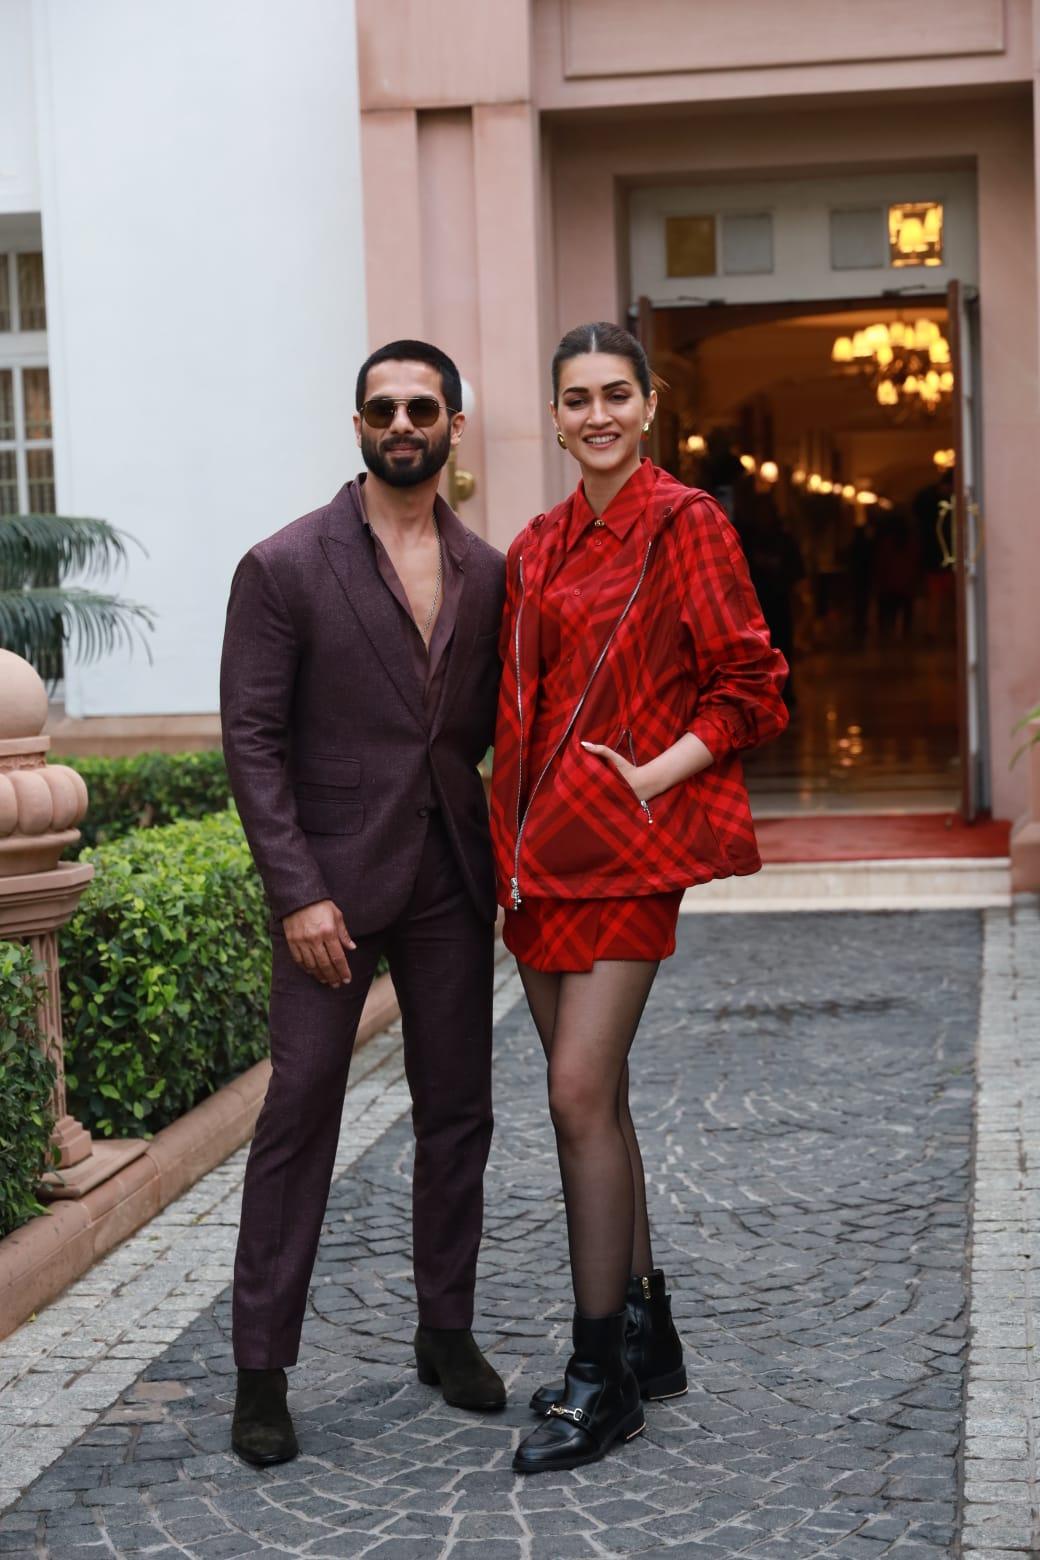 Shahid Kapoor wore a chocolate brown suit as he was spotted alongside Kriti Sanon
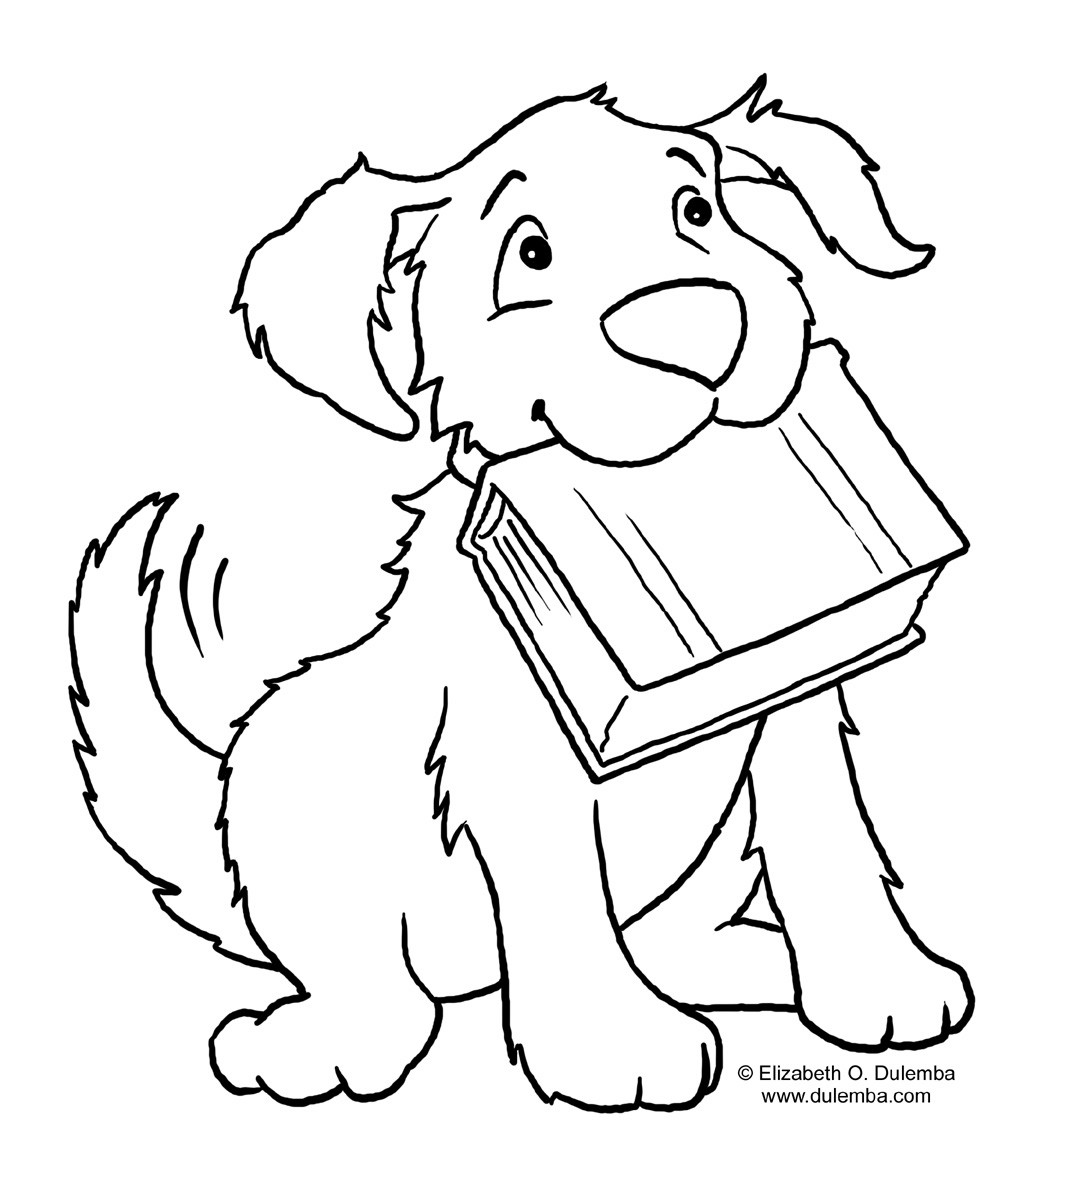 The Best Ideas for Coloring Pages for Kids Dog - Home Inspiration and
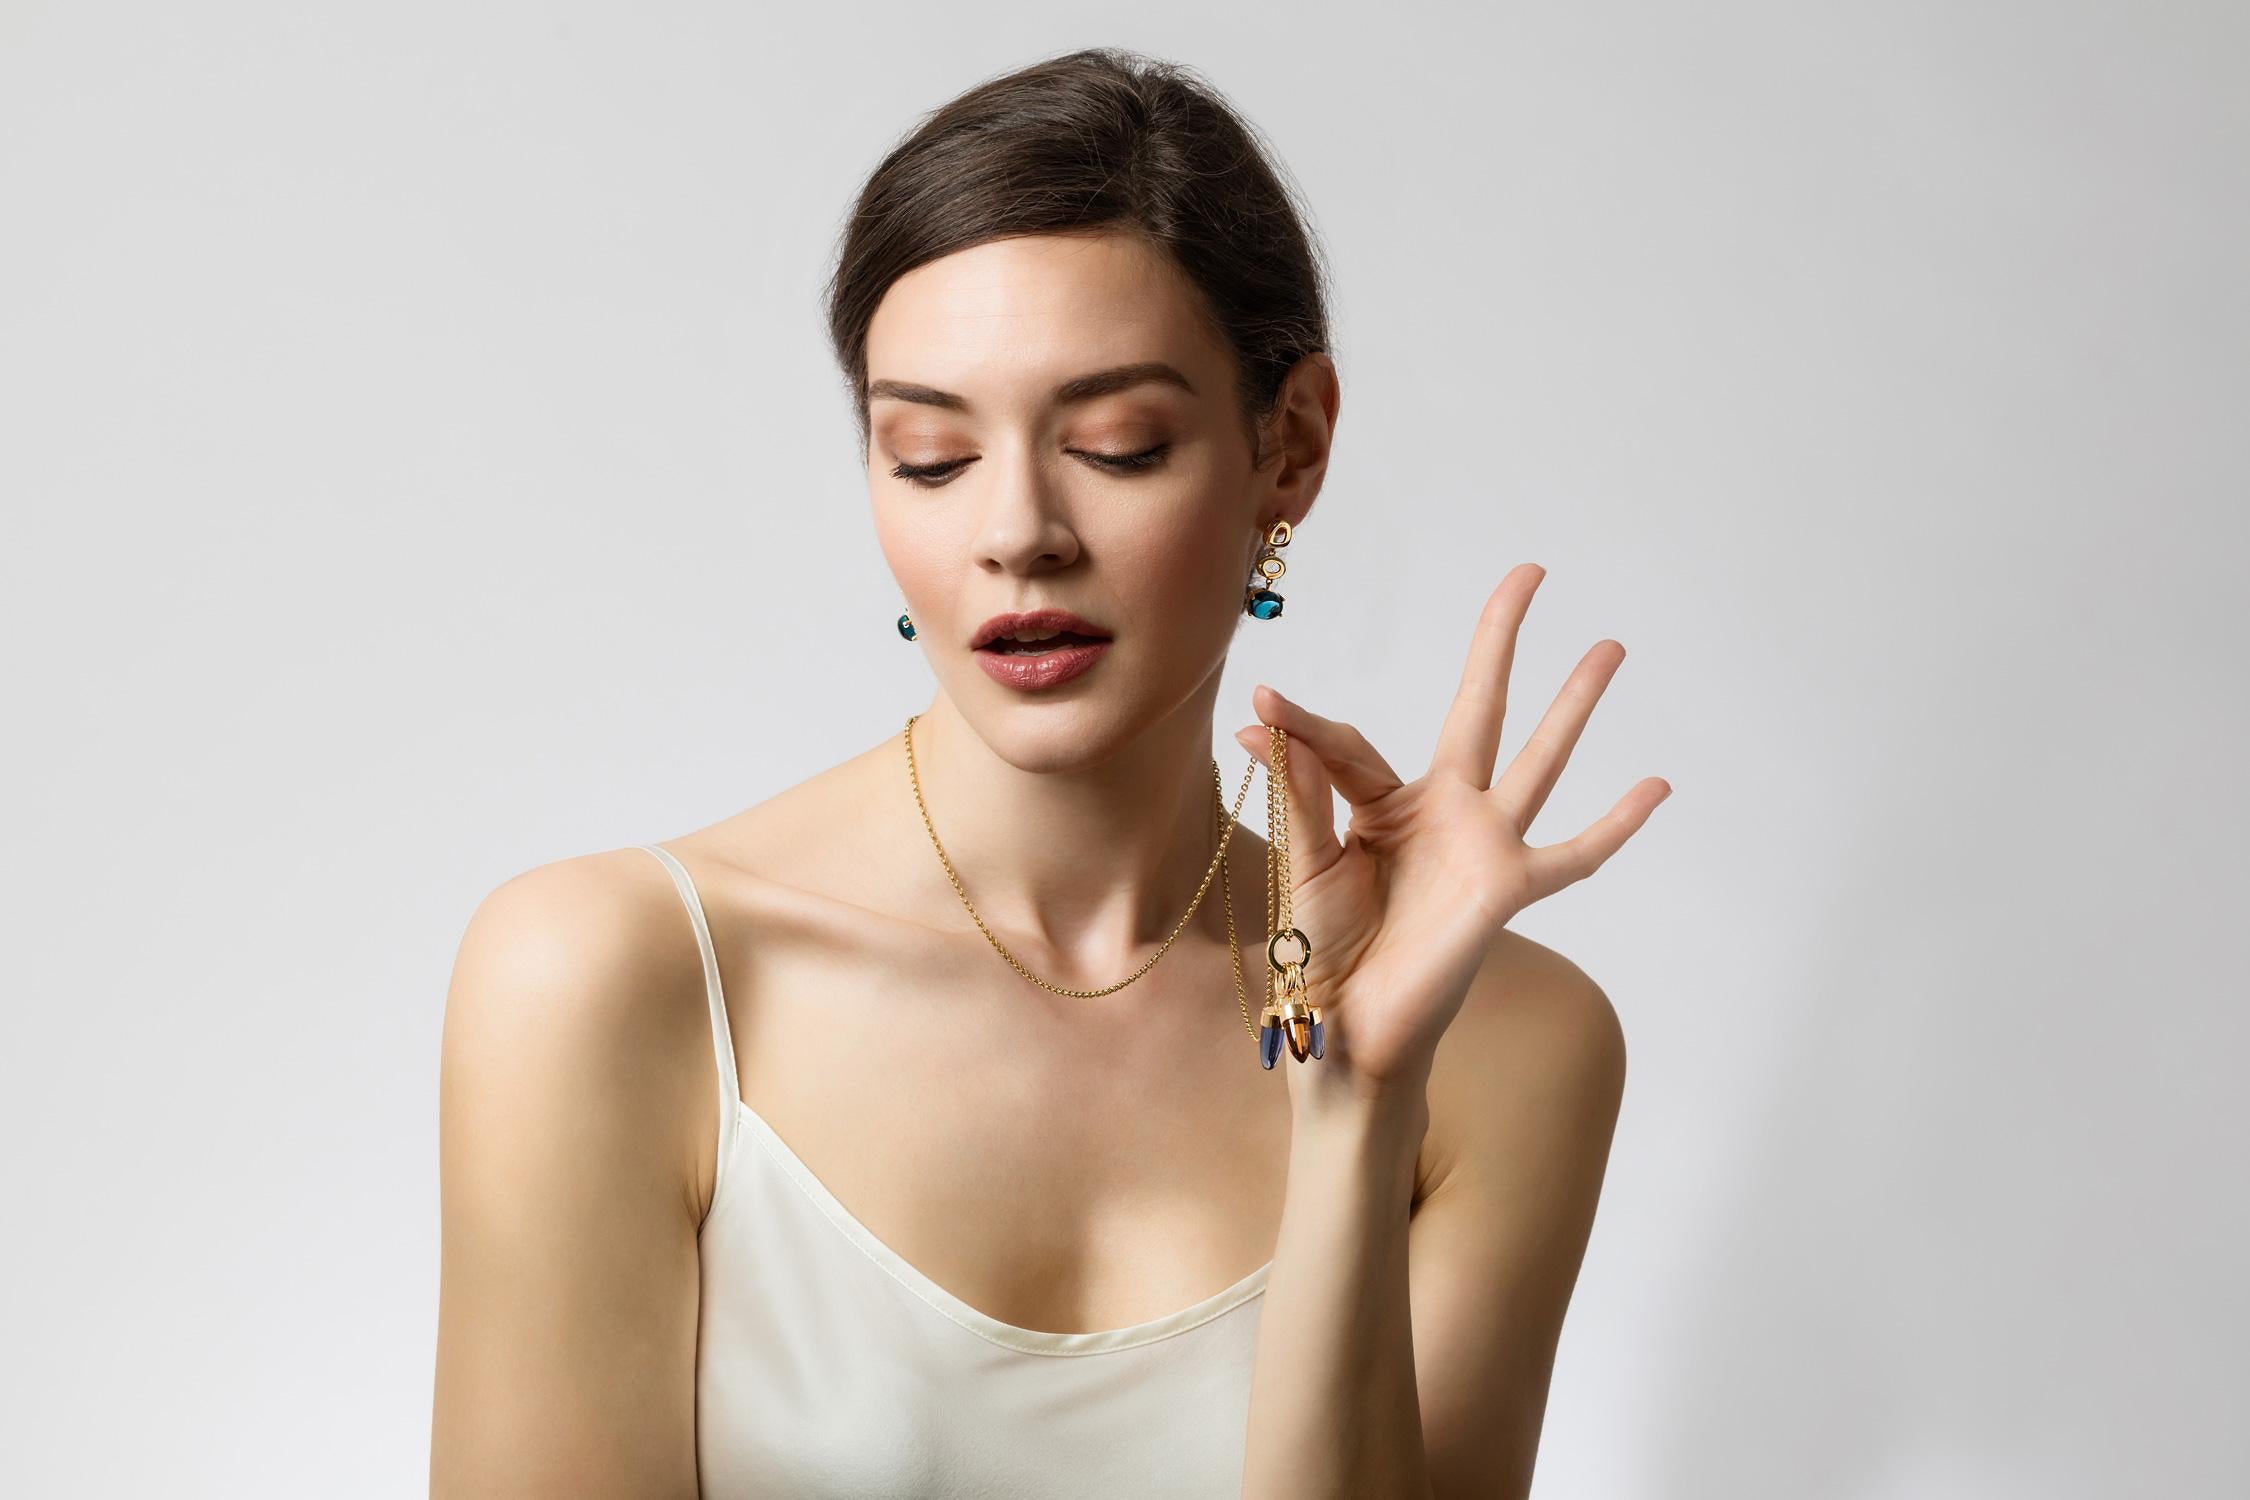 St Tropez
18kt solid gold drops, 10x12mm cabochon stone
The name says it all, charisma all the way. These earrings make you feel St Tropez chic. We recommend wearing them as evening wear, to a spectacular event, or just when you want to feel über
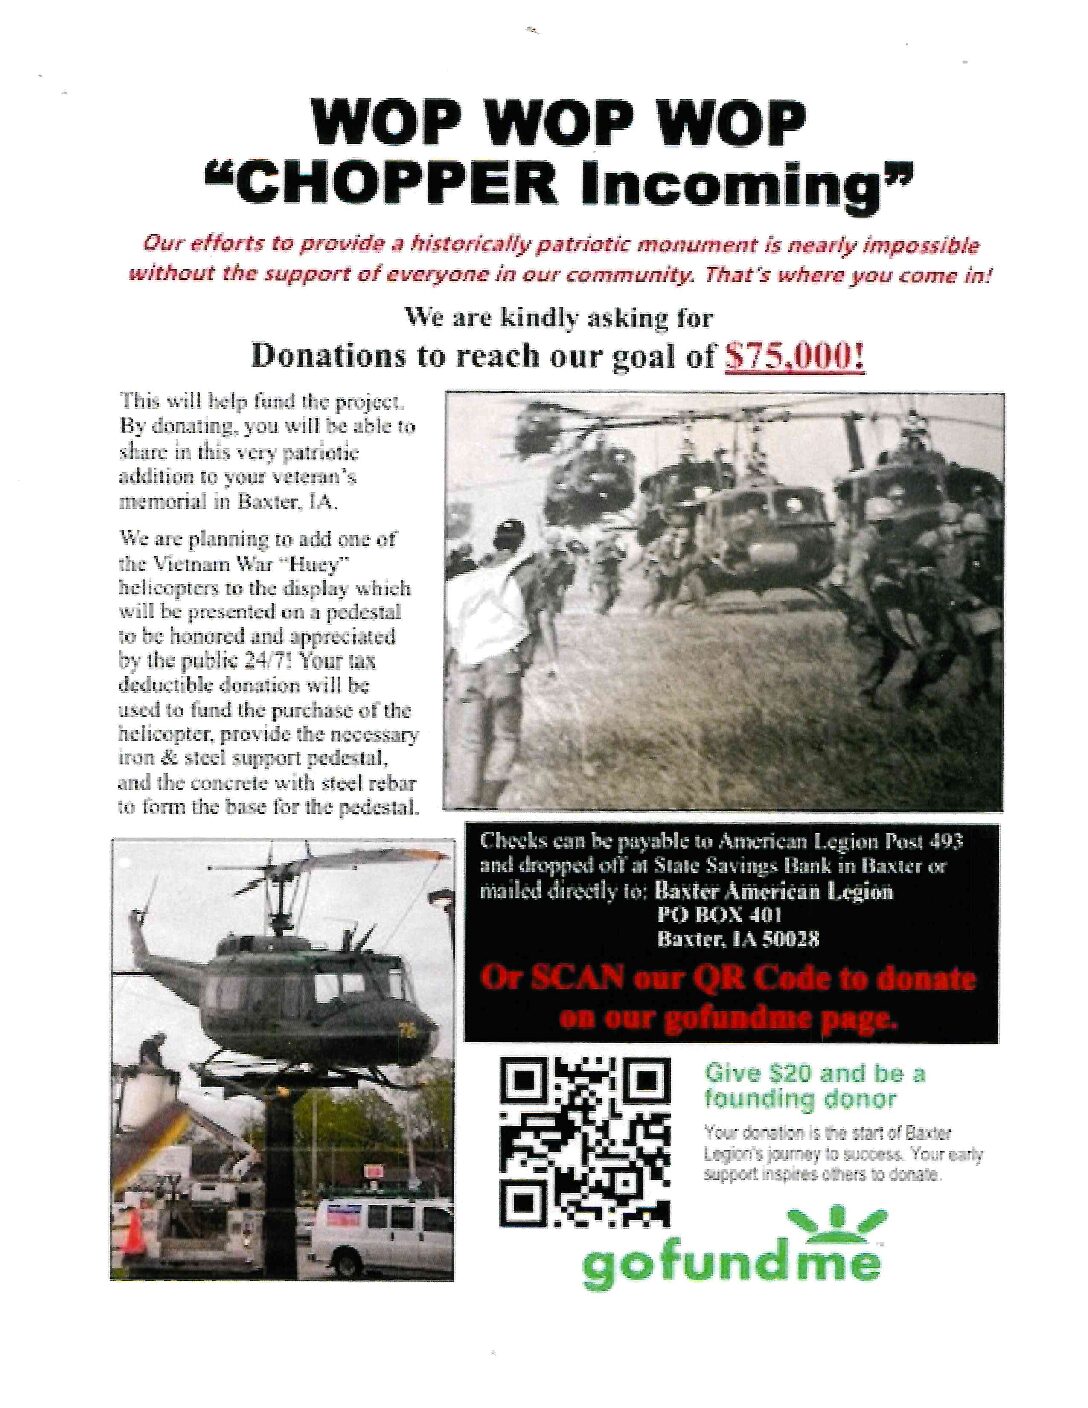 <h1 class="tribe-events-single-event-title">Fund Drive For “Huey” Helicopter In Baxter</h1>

### Task directions
Output exactly the lines from the one containing "The Best Ideas" through the last line of the records above, both included, and leave out the pictures.

### Result below
 The Best Ideas for Coloring Pages for Kids Dog - Home Inspiration and
 St Tropez
18kt solid gold drops, 10x12mm cabochon stone
The name says it all, charisma all the way. These earrings make you feel St Tropez chic. We recommend wearing them as evening wear, to a spectacular event, or just when you want to feel über
 <h1 class="tribe-events-single-event-title">Fund Drive For “Huey” Helicopter In Baxter</h1>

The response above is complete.